Tuesday, June 23, 2015

Never Stop Trying

"When children know their differences will be supported by you saying you will never stop trying ways to help them find their very best voice, their fears rest." - Peyton Goddard

Tomorrow, I will drive myself and one of my daughters five hours south.  I've told her we are going to the "big city," and promised we will go shopping to get her some shoes that won't squish her feet, before we go spend the night in a "room."  We'll take the car to the "car doctor" the next morning, and then we're going to see a doctor who wants to see "how well you play." Then we'll get the car back from the car doctor, and drive the five hours back home.

The adult version is we're finally getting recalled parts replaced in our vehicle, and we're having another developmental evaluation done on Ladybug.

I picked up two books from the library that I'm having a hard time putting down.  One is The Spark, about a mother raising a child who is a genius.  The other is I Am Intelligent, about a mother raising a child who is autistic and becomes mute after abuse.  When I scanned them in the library, I was drawn to them because they are both mothers whose children are different.  They don't fit the mold.  And both moms doubted themselves.  They wondered if they were making the right decisions, and they felt alone.

I'm sure every mom doubts herself, and every kid is unique.  But there's a distinct difference in my feelings and thoughts about parenting Ladybug and parenting Turkey.  Turkey's a pretty typical kid.  She's not easy, at all, with a dangerous combination of stubborn and cute.  But her temper, and her refusal to get in the pool... and her inability to follow the crowd and therefore going the wrong way while playing London Bridge simply cracks me up.  Turkey will figure things out.  She'll adapt.  With simply love and prayers for wisdom, she'll go far.  She's charming, and smart, and is going to be fun to watch turn into a young adult.

I'm out of my depth with Ladybug, though.  So much potential... so much intelligence... so much personality.  Locked up. Trapped.  I get glimpses.  And I want the rest of the world to see those glimpses too.  Her love for books, love for learning... the experiences she's had in her short life, the creativity and persistence she can show when she sets her mind on something will take her far.

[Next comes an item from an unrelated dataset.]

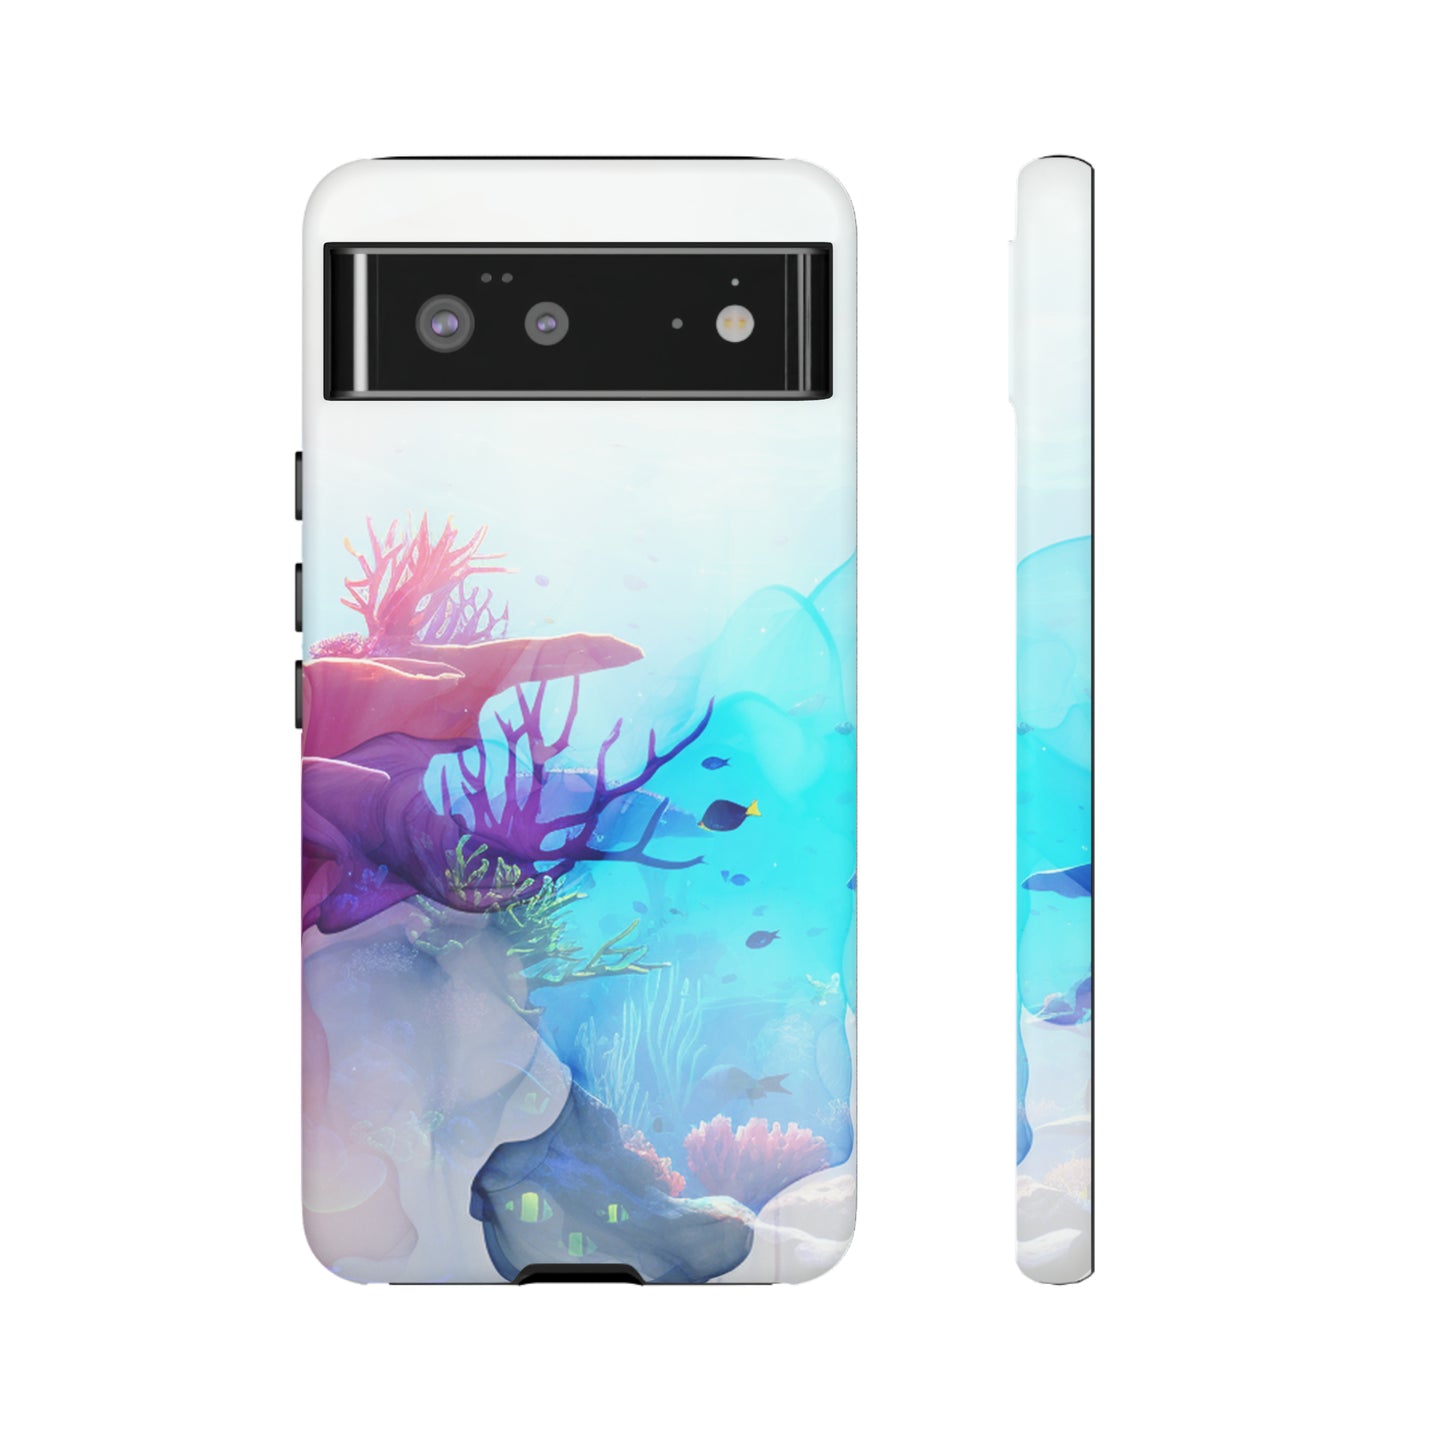 Neduz Designs Coral Reef Tough Case - Vivid Dreams Collection for Smartphones

Sunday, I walked Turkey back to the nursery, and Ladybug to children's church.  We do this every week.  But I wanted her to walk on her own power, with the other children, to her class.  She knows the adults.  She knows the other kids.  She's familiar with the church.  So I positioned her in the front of the crowd, hoping they would sweep her along.  I told her to go with them.  Told her to follow the adult, by name.  And then I kept walking... hoping she'd go.  Hoping if I just let go, she'd do it by herself.

When I got to the other side of the large room, I turned to make sure she was following her classmates and teacher.  She hadn't moved.  I could have kept walking to the nursery and back again and she still wouldn't have moved.  So I went back, took her by the hand, and guided her into the classroom.  I gave her a gentle push, told her to go sit with the others, to listen to the teacher, and to have fun.

When I walked back from the nursery, I peaked around the corner to check on her.  And what I saw nearly broke my heart.  She was sitting.  She was listening, or at least not making noise.  But she was a full two feet from every other person in that room.  In the very back.  Alone.

And it brings tears to my eyes.  Alone is no way to live a life.  Solitude is good, and very important to us introverts.  But you have to let people in.  You have to let a few people get close.  Friends are important.  And I have no idea how to help her with that.

As I've read I Am Intelligent, Peyton, the autistic adult, speaks about how her mother's chronic worry affected her.  How she felt like a disappointment to her mother, yet her father looked at her as joy and accepted her just the way she was.  And her mother didn't mean to view her as a disappointment; she simply loved her and wanted the best for her.  And I wondered if my concerns for Ladybug come across the same way as Peyton's mother's did.  But then I read the quote at the top of this post.  And I thought, yes, this is a promise I have made to my child.

So we will drive tomorrow.  And when they ask me what I hope to get from the appointment, I may break down and cry.  Because all I want, is to know how to help my child.  How to help her find her best voice.

1 comment:

  1. Awww Stephanie! You're a great mom! If it makes you feel better, I took Sarah back to Children's Church because I knew at the very beginning she wasn't going to sit through church and I knew they were going to be coloring the Father's Day pictures. I don't know exactly where we were at that time, but when we went back in to listen to the lesson after coloring, I held out my hand and she came with Sarah and I. I sat Sarah right next to her, which probably wasn't the best because Sarah wanted to put her arm around her. She tried a couple times and I could tell Kelly wasn't having it. I was just thankful that Sarah respected her wishes after I asked her not to. Praying for your special time together as mom and daughter and that you'll come home with some of the most insightful tidbits on how to help Kelly!